Once the wax cools after you dip the bird, you simply peel it away, and the down and remaining feathers come off very cleanly. If skin is exposed when you wax dip, you'll be picking wax off the skin, kind of annoying.


----------



## clearwtrbeach (May 10, 2012)

Wow, maybe that's where tarred and feathered came from . Anyway, so you don't do a water dunk at all, just the wax? Wow that means another big pot. We use the big turkey fryer pots over the propane stand thing.


----------



## Stacykins (Mar 27, 2012)

The pot will be mostly filled with water, with a layer of melted wax floating on top. As you dunk the bird deeper in the water, it'll be coated totally in wax.

This video may help:


----------



## sweetgoats (Oct 18, 2007)

WOW I have never heard as a Wax dunk. That is crazy.

As for the birds we did we would do about a 100 at a time. I HATED it.

All I remember is the plucker was about 5feet long, 4 feet wide and had the rubber tips on two drumbs so two people could do it at a time.


----------



## clearwtrbeach (May 10, 2012)

Ohhh that makes sense! Thanks for the link. 
Sweet goats, wow that's crazy.


----------



## mjs500doo (Nov 24, 2012)

Yup we use wax here too. Normally for Canadian geese during hunting. Ducks we just peel out of their skin. Too tedious for me.

ETA: 
When we butcher we usually have a small fire going for feathers anyway, so sometimes if I feel ambitious and want skin, we just roll the bird above the flame to singe the "hair".


----------



## sweetgoats (Oct 18, 2007)

clearwtrbeach said:


> Ohhh that makes sense! Thanks for the link.
> Sweet goats, wow that's crazy.


 Yep, that is why I will not ever touch a bird again.

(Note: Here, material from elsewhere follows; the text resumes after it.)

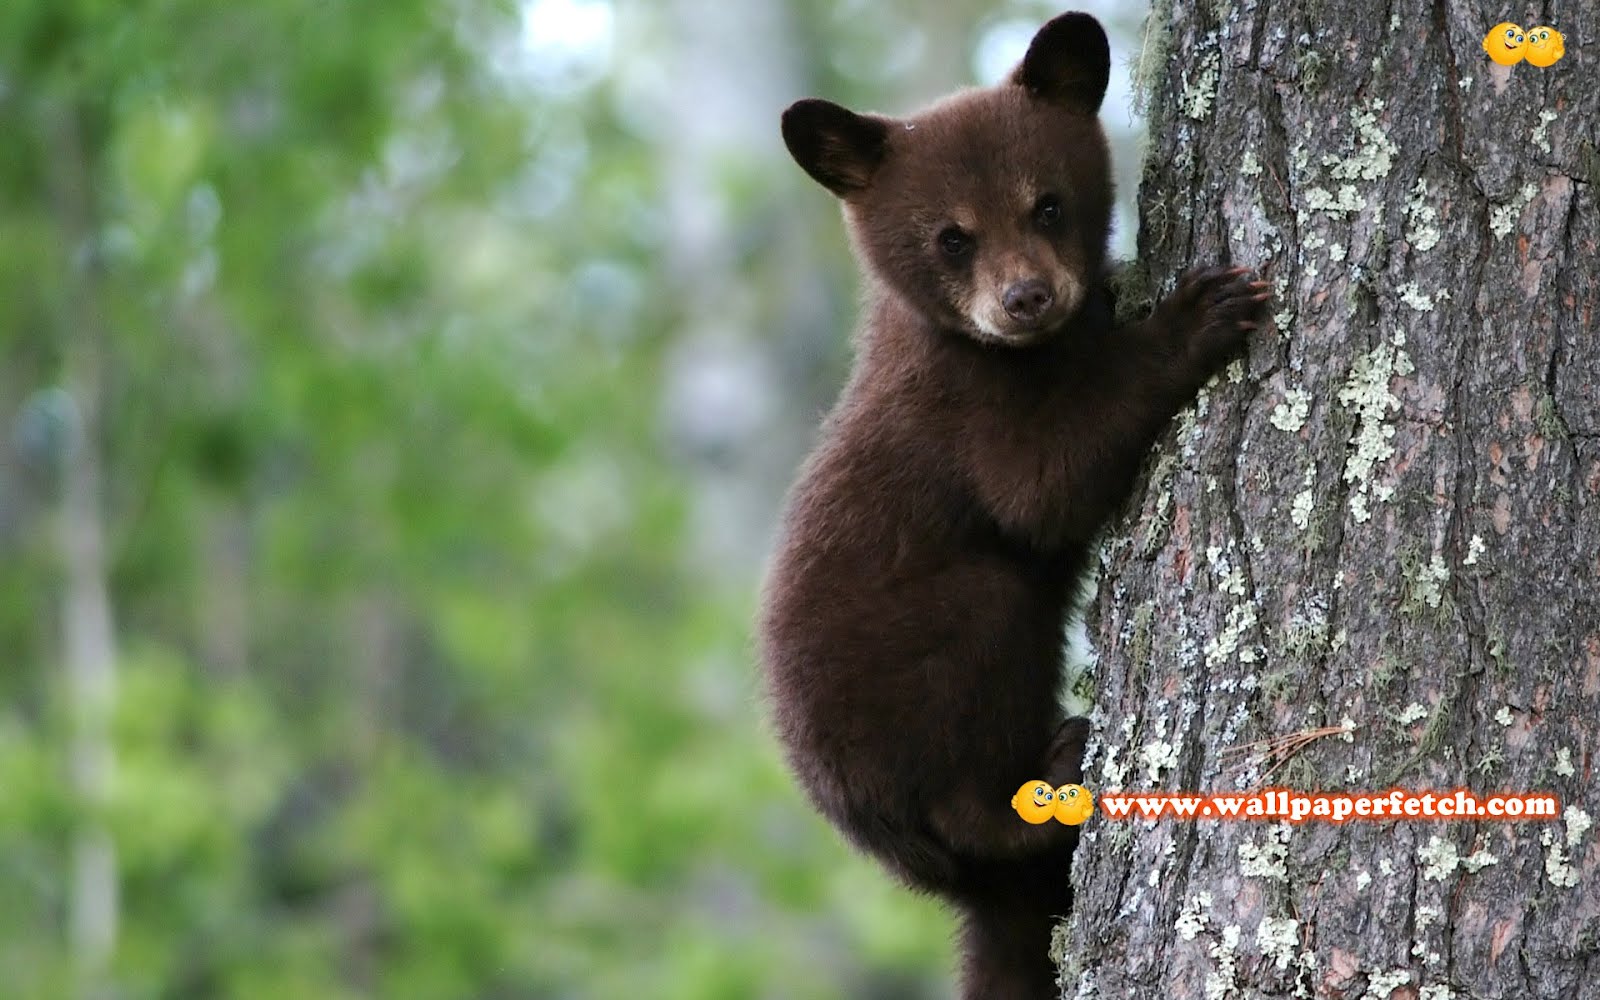 Bear Cub Wallpaper. Cub Scout Camping Wallpaper, Carbon Cub Wallpaper and Cub Scouts Derby Wallpaper

We raised every kind of bird you could think of. We would have about 800-1000 eggs to hatch. I HATED it and still do to this day.

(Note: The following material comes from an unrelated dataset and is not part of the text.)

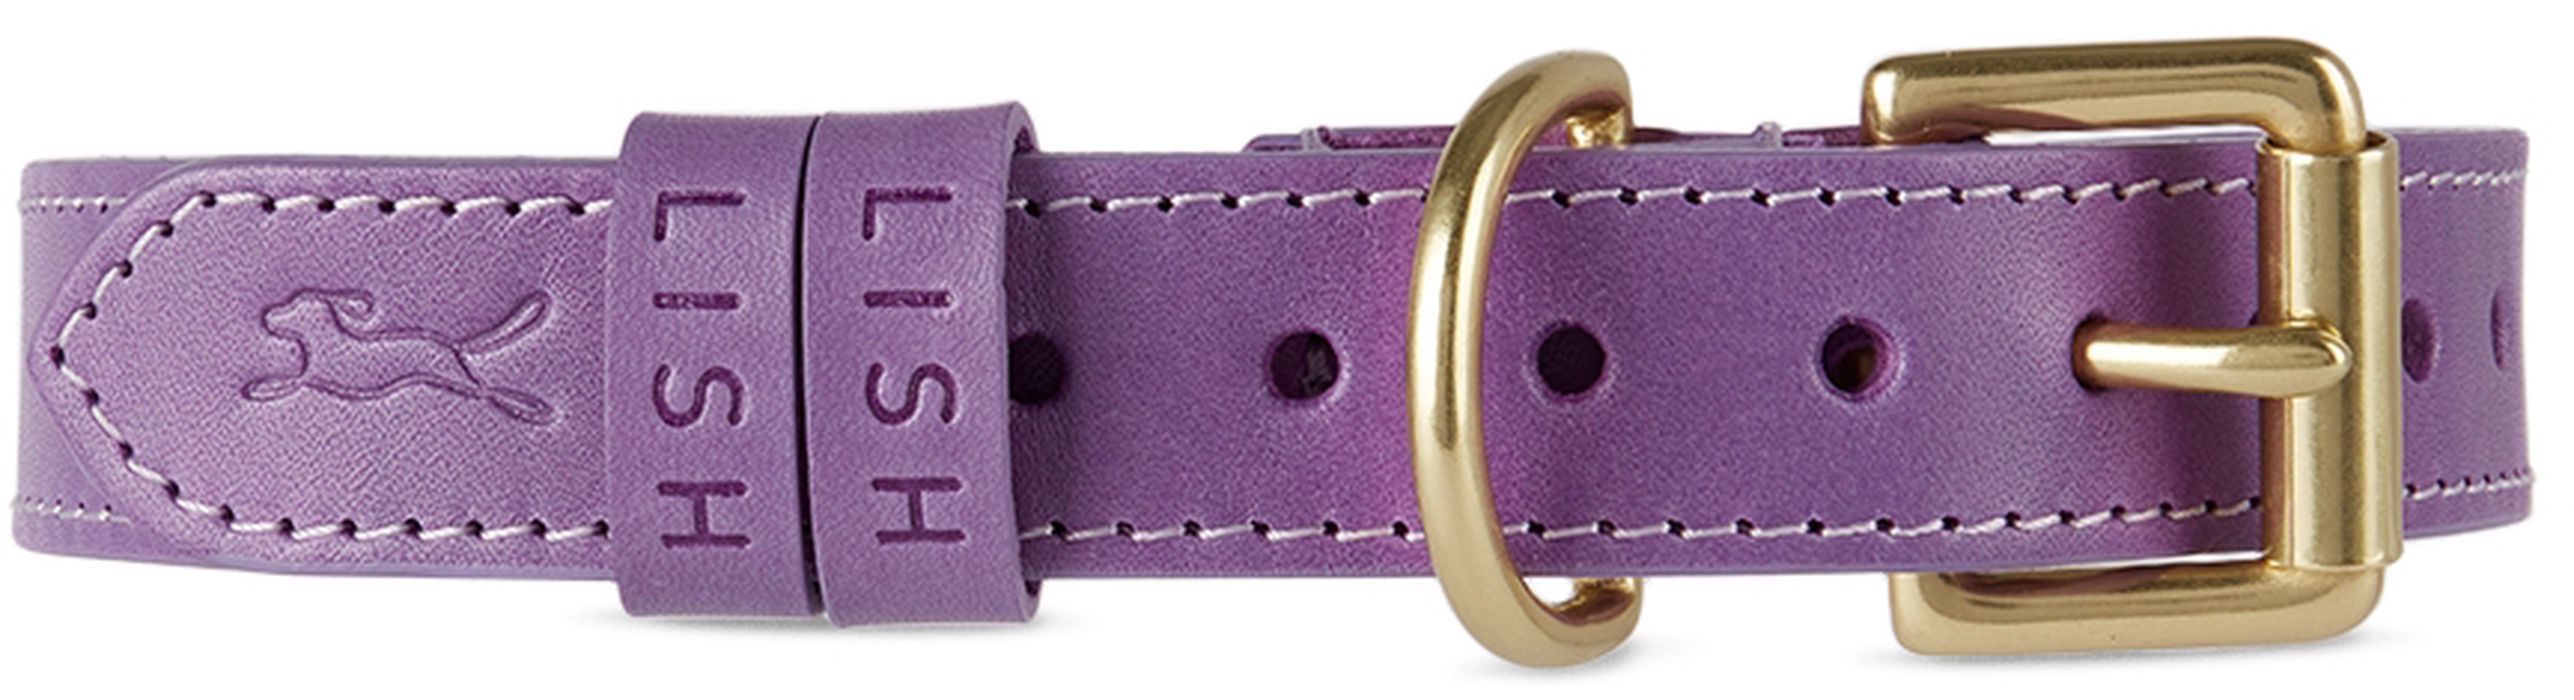 LISH Purple Large Coopers Collar

I will not even be around at all if I know someone is going to butcher a bird.


----------



## clearwtrbeach (May 10, 2012)

mjs- I wouldn't have even thought about that- hmm another idea in worse case scenario.
Lori- you were probably younger living with parents ?? My mom hates fish! because her dad use to always take her fishing. I found my kids don't care to mess with dogs, well 1 our of 4 does, since I showed dogs for so long.


----------